## Data to process
**********
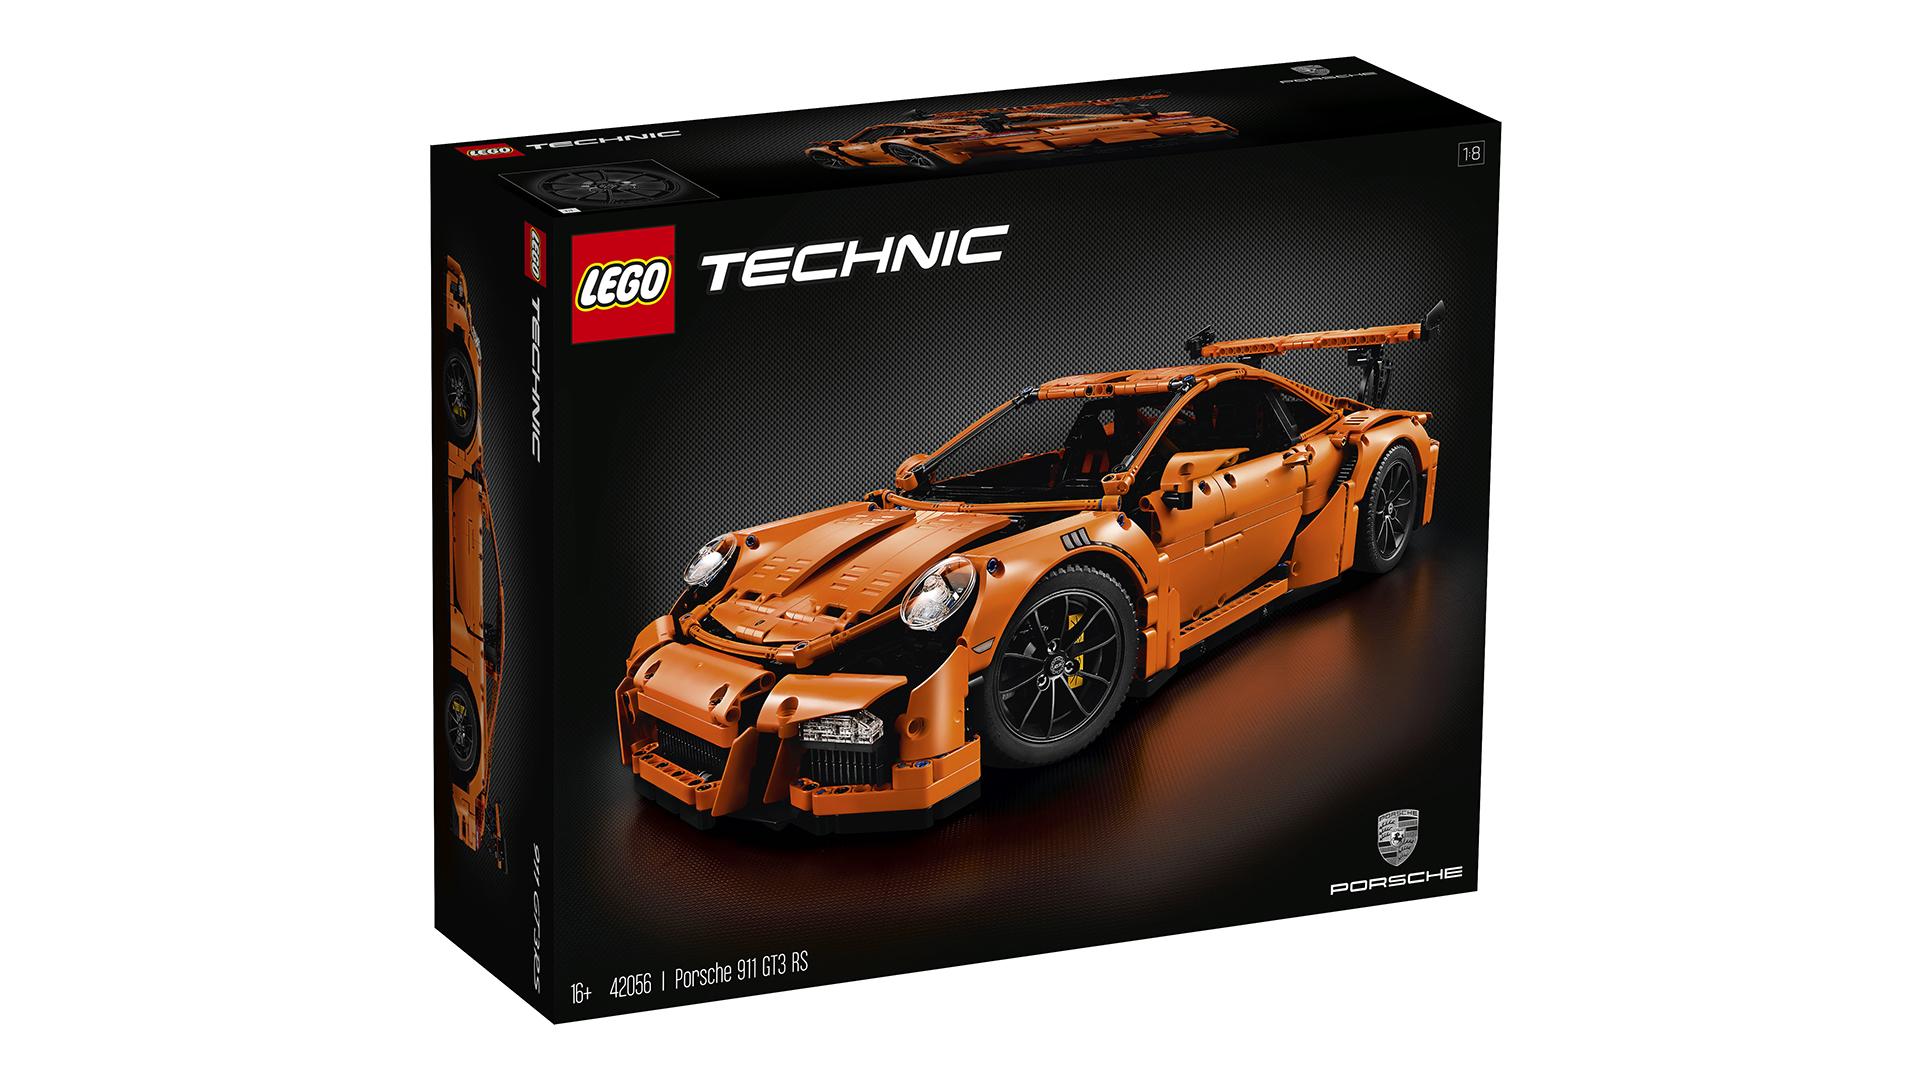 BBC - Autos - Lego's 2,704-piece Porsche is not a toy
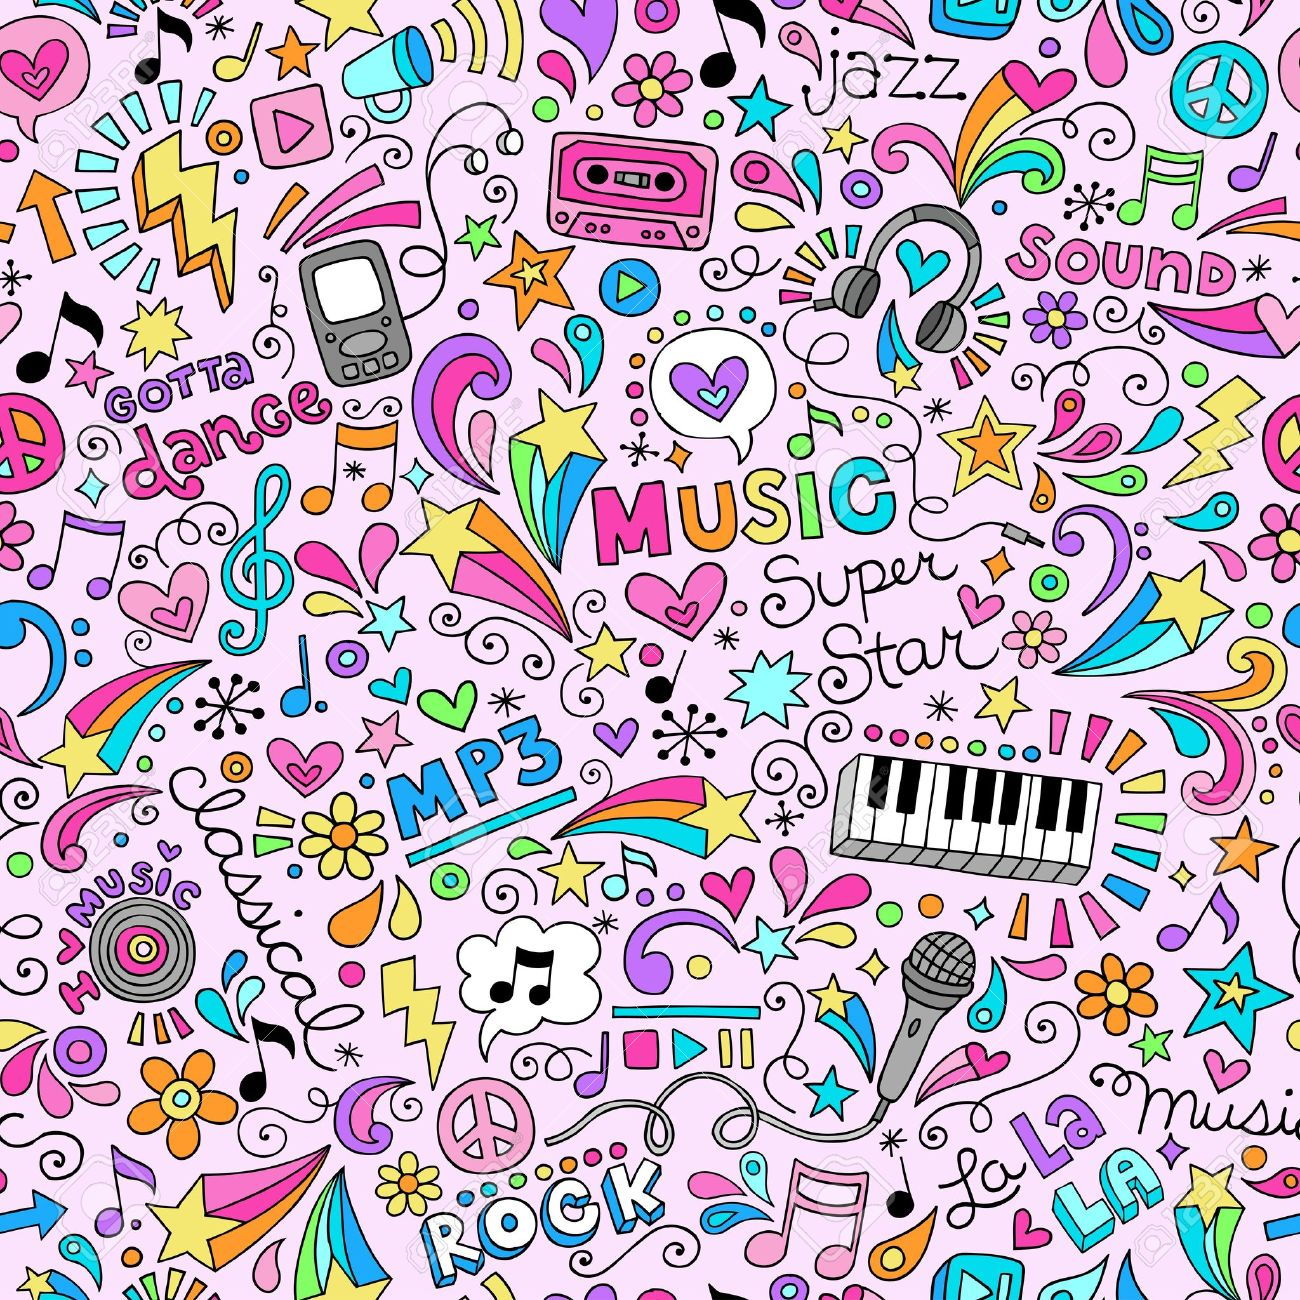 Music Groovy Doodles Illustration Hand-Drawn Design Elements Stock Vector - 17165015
**********
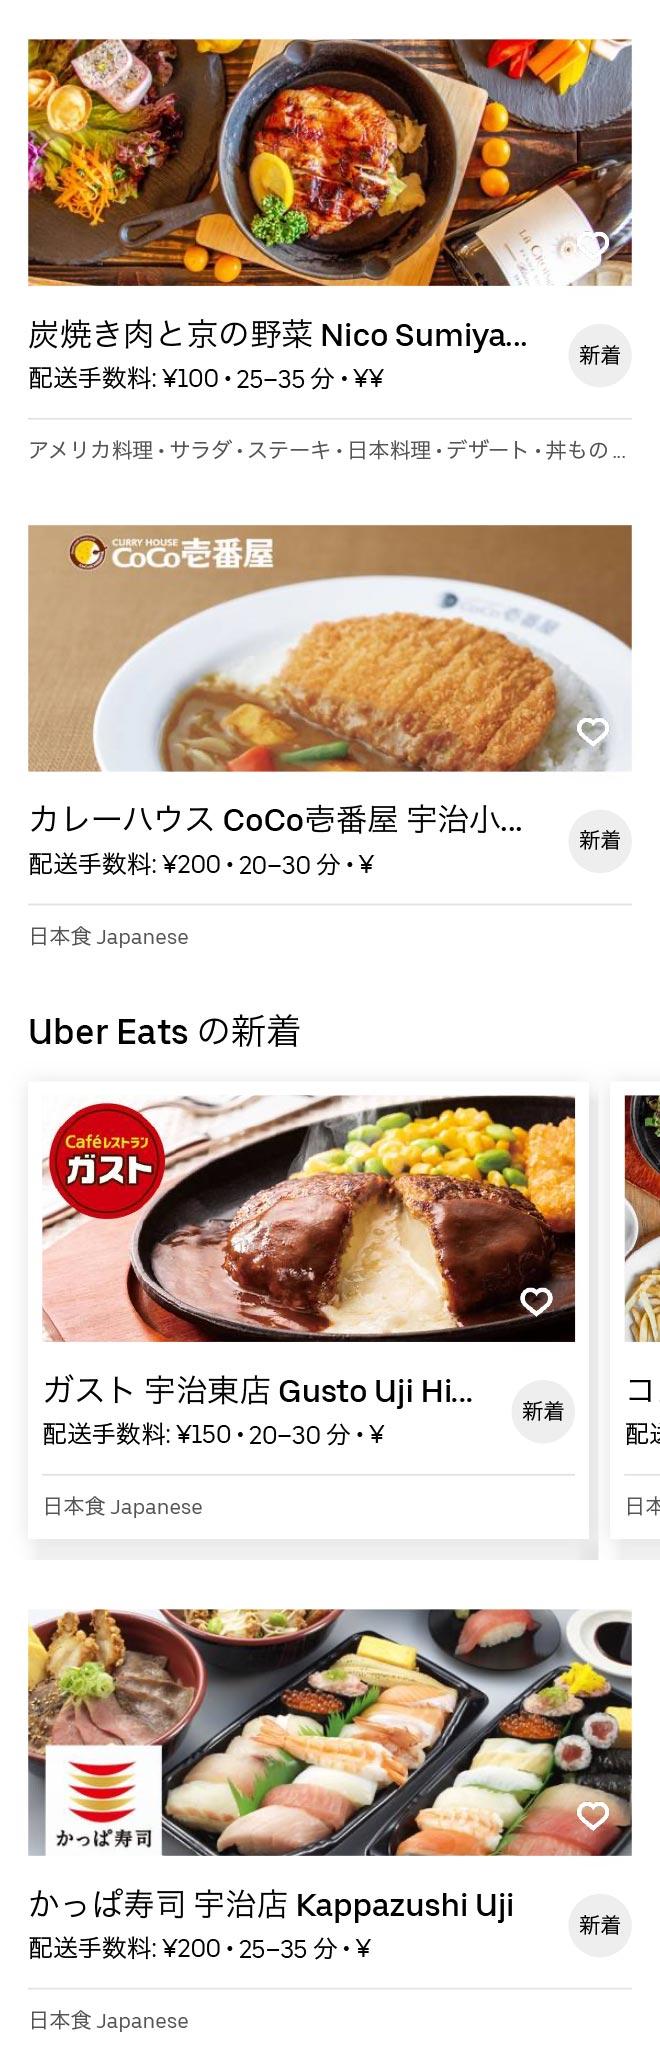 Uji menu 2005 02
**********
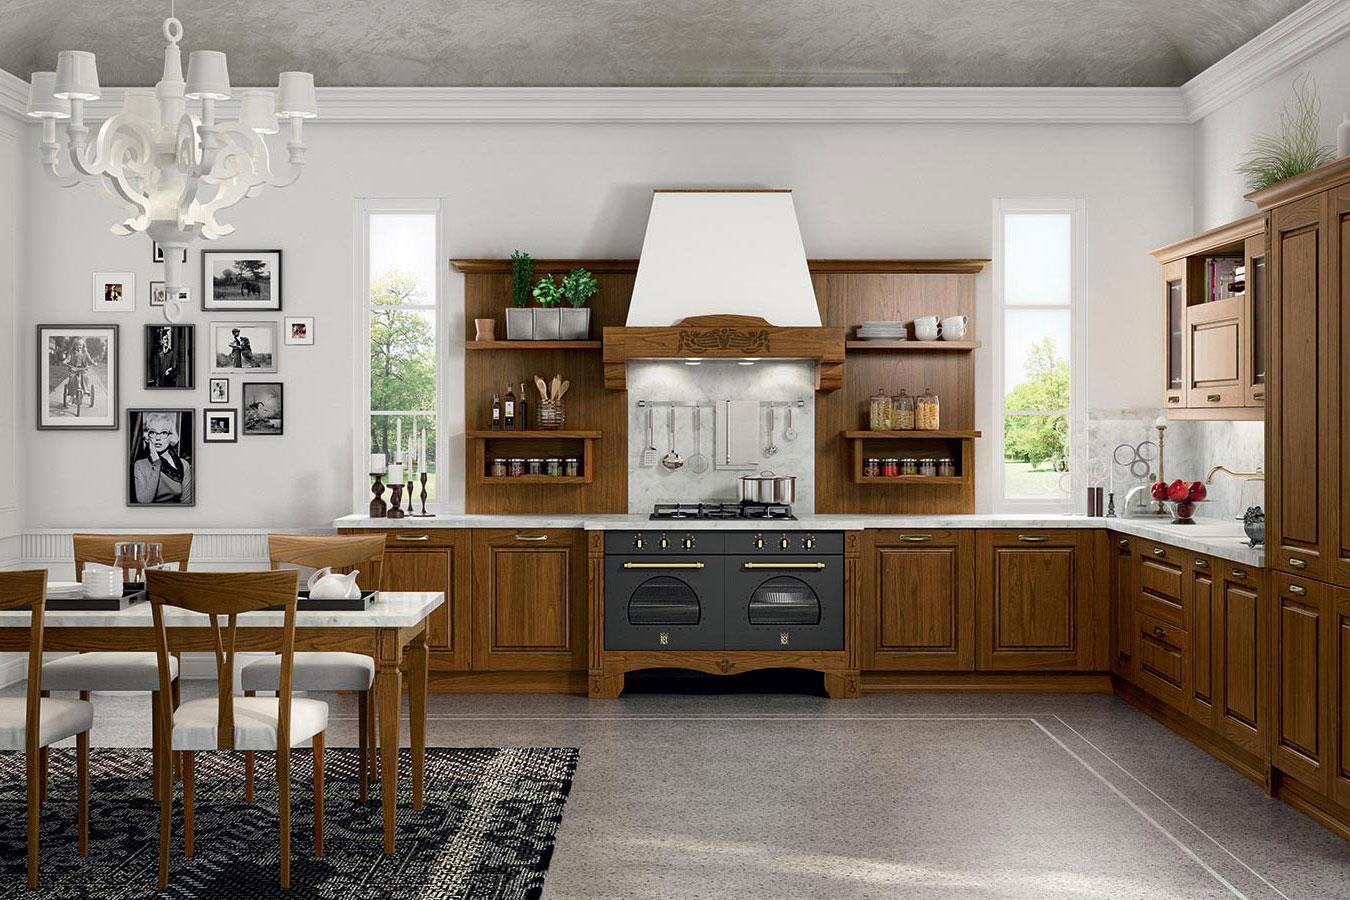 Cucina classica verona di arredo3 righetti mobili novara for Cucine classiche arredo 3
**********
## Task prompt
Copy exactly the lines of the entries above from the one containing "BBC - Autos" through the one containing "Music Groovy Doodles". Both end lines count; pictures do not.

## Solution to the problem
 BBC - Autos - Lego's 2,704-piece Porsche is not a toy
 Music Groovy Doodles Illustration Hand-Drawn Design Elements Stock Vector - 17165015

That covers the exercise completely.